Chinatowns in Europe

Updated: 2014-03-21 16:33 (chinadaily.com.cn)
London Chinatown, Britain: live with traditions

Chinatowns in Europe

London Chinatown a few days before the Chinese Spring Festival on Jan 21, 2014. [Photo/icpress.cn] 

The arrival of Chinese from Hong Kong who began opening restaurants outside Limehouse Chinatown before the war, eased the transition of today's Chinatown close to Soho, occupying the area in and around Gerrard Street, and then by the 1970's spilling over on to Shaftsbury Avenue.

Compared to New York or San Francisco Chinatowns, Soho Chinatown is small. Which may explain why most Chinese in London do not live there.

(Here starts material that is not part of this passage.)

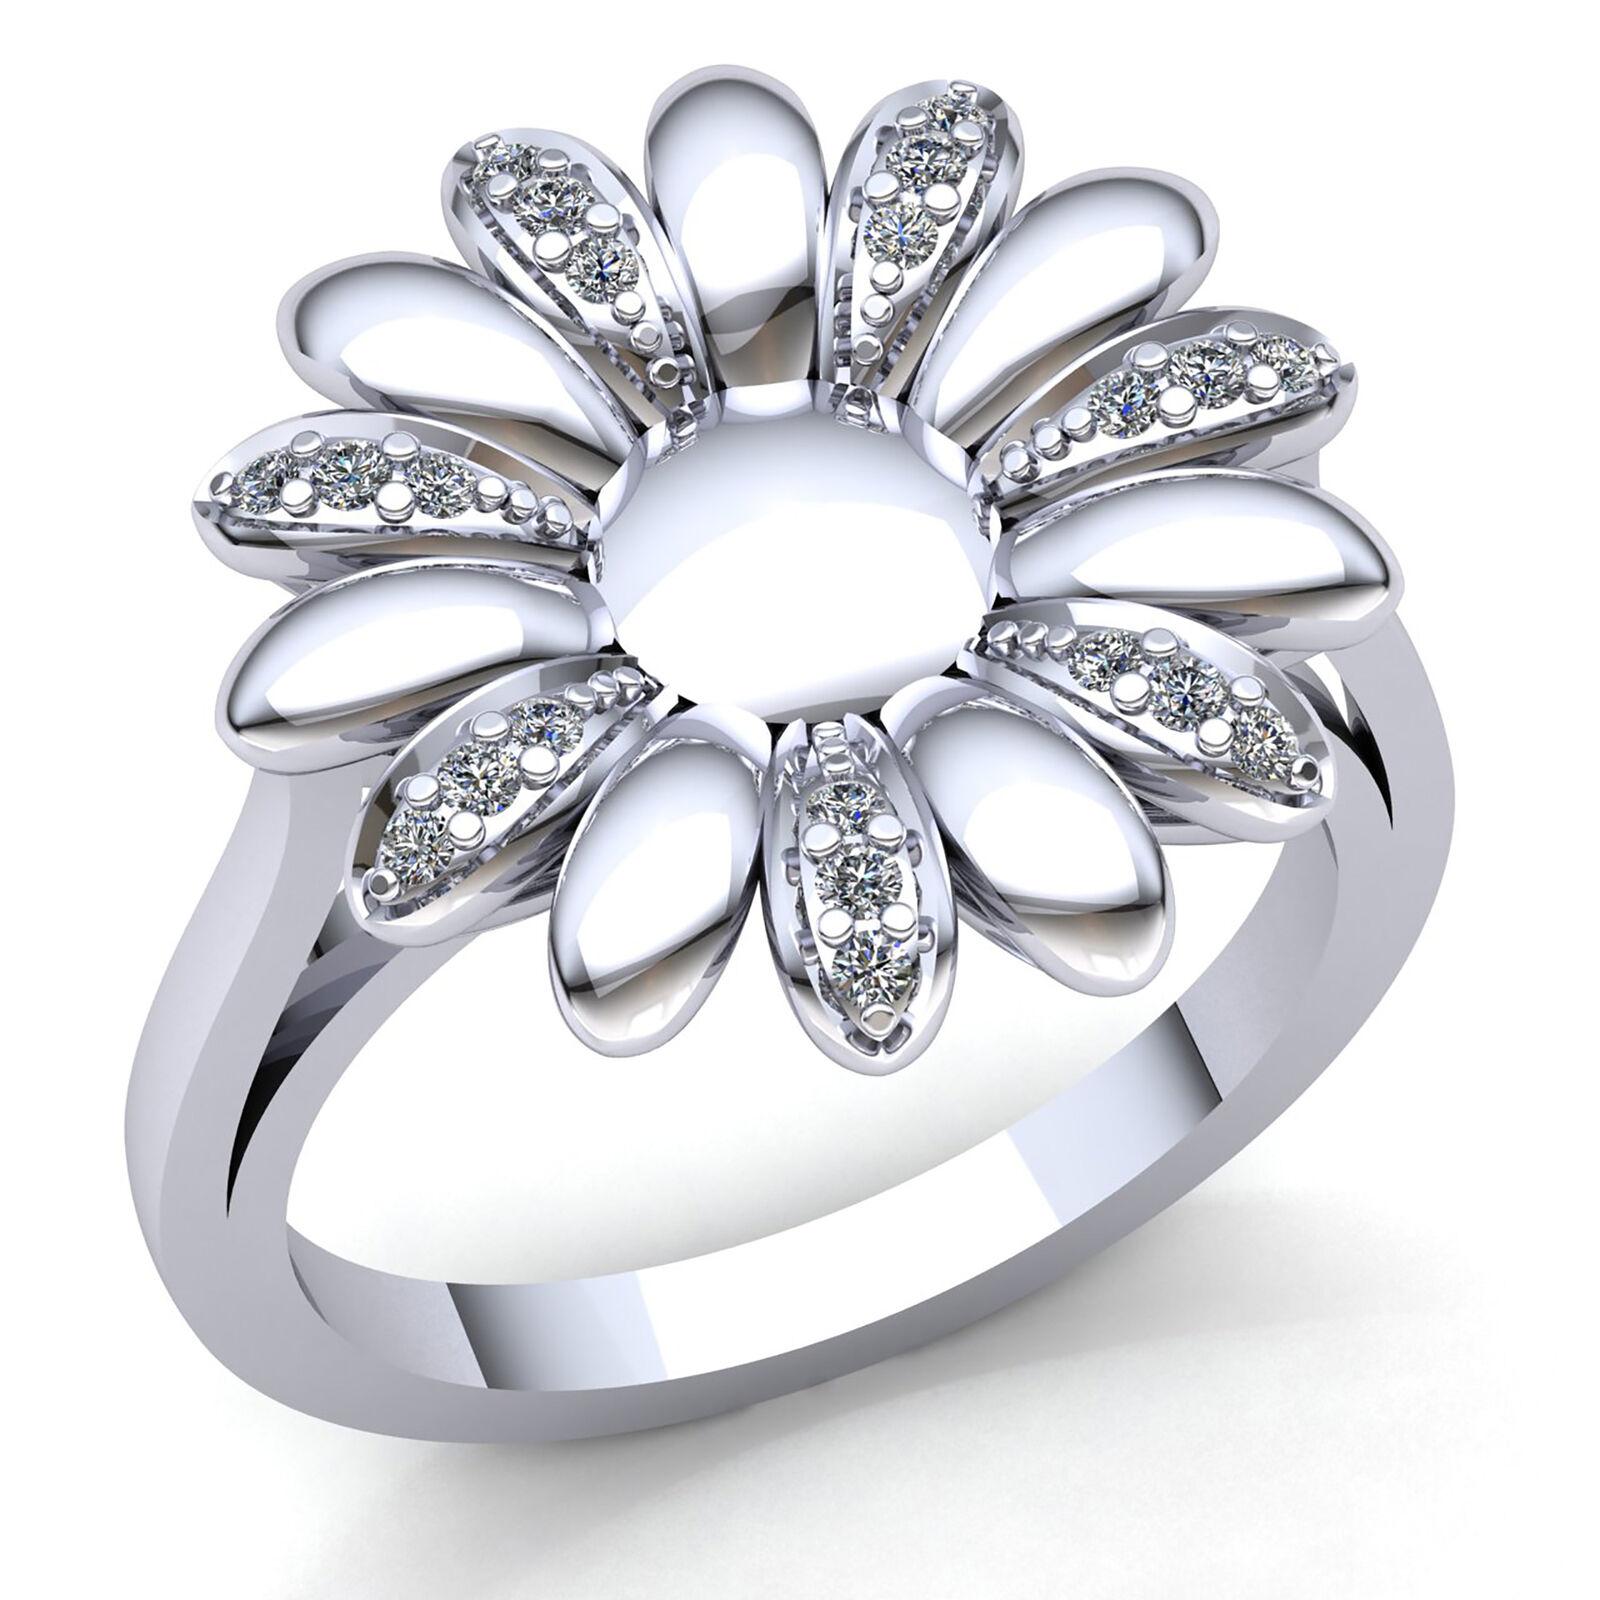 0.25ct Round Cut Diamond Ladies Vintage Floral Anniversary Ring 10K gold

Unlike Limehouse Chinatown, today's Chinatown in the City of Westminister is no longer on the fringe but is part of the hustle and bustle of a gentrifying west end.

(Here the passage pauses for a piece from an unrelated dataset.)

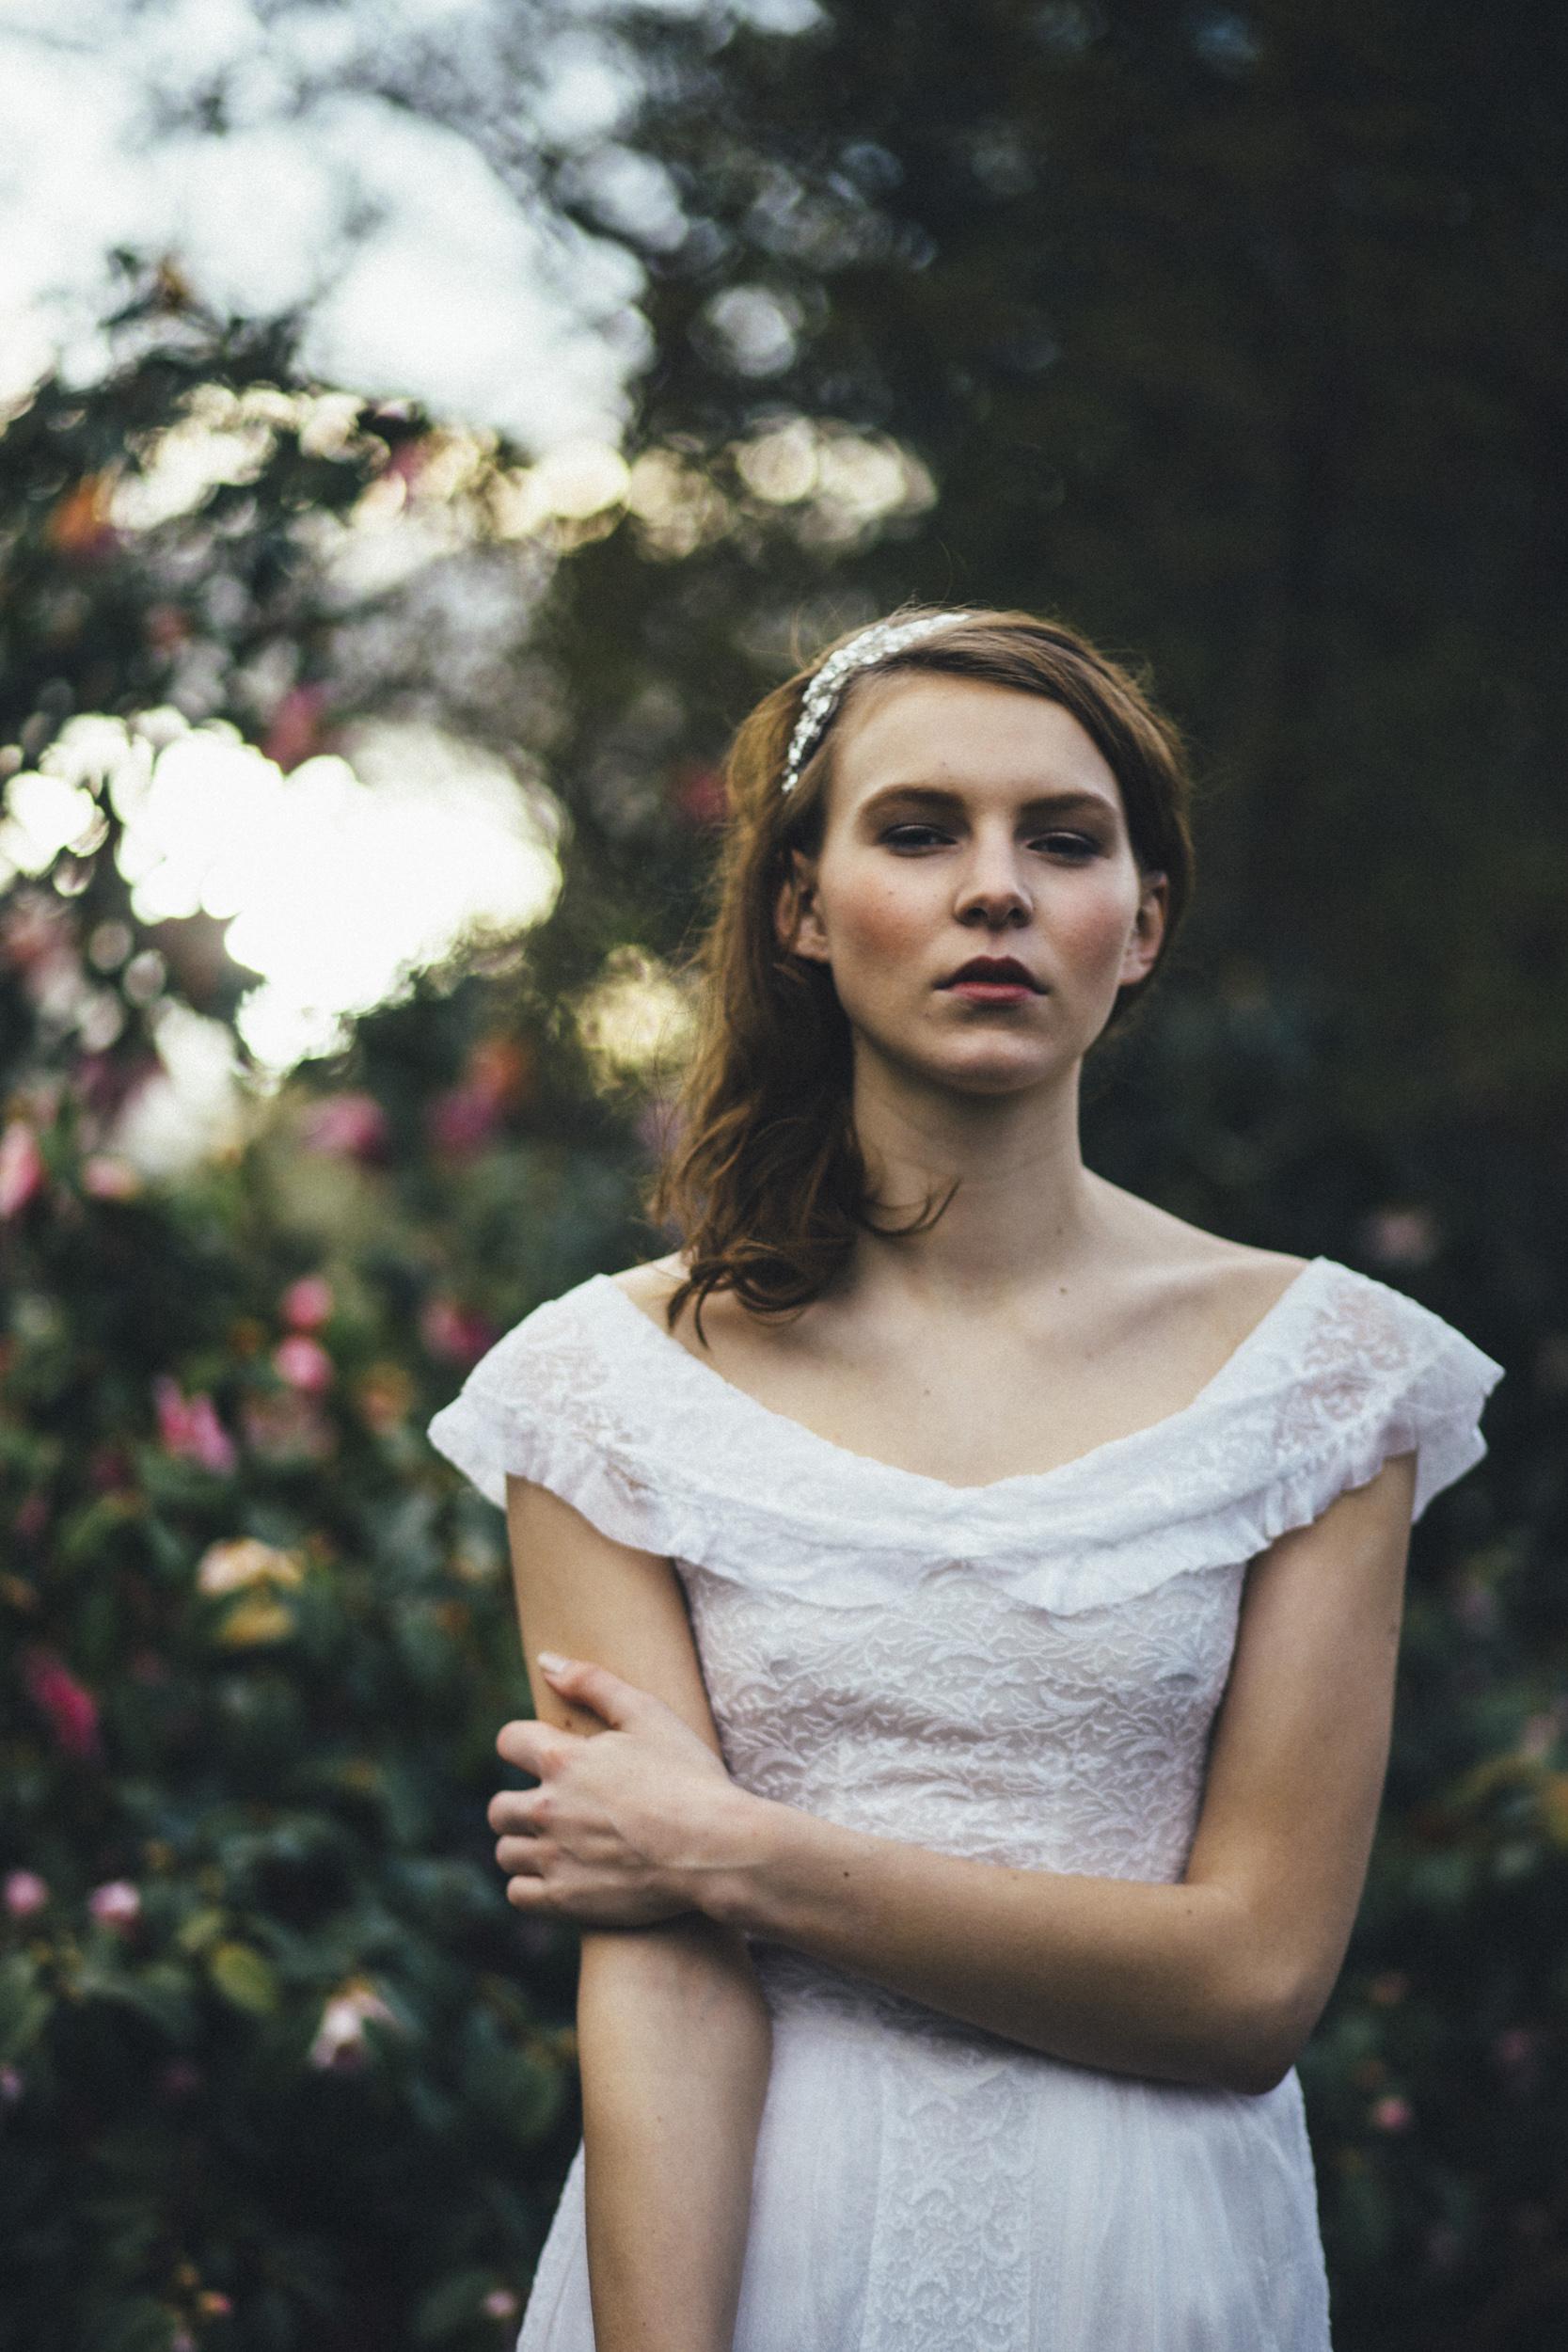 Spring-Bridal-Kate-Beaumont-Shelley-Richmond-Vintage-Wedding-Dress-13.jpg

Although the light of adventure has gone out of today's Chinatown, it has nonetheless retained a shadow of its former self. Oddly, it has no temples, very few souvenir shops, but no museums.

Chinatowns in Europe

A barbecue restaurant in the Limehouse Chinatown in the early days. [Photo/Xinhua]

Its raison d'etre is to serve the Chinese community, through many programs which ease the plight of the elderly and ease the new emigrants into the hustle and bustle of London.

London Chinatown today

Today's Chinatown is a designated tourist stop, for its restaurants and lion dances and lunar New Year and Mid Autumn celebrations. Its archway, paifang (牌坊) or ornamental gates mark its boundaries.  Today it is a spot for Londoner, out of towner, or foreigner to eat a variety of Chinese fare.

Thanks to its proximity to Covent Gardens, the theater district, Leister Square, and Piccadilly Circus, it has become a part of today's trendy, but hardly swinging, London.

Chinatowns in Europe

The Chinatown moved to the Soho district after the second world war. [Photo/Xinhua]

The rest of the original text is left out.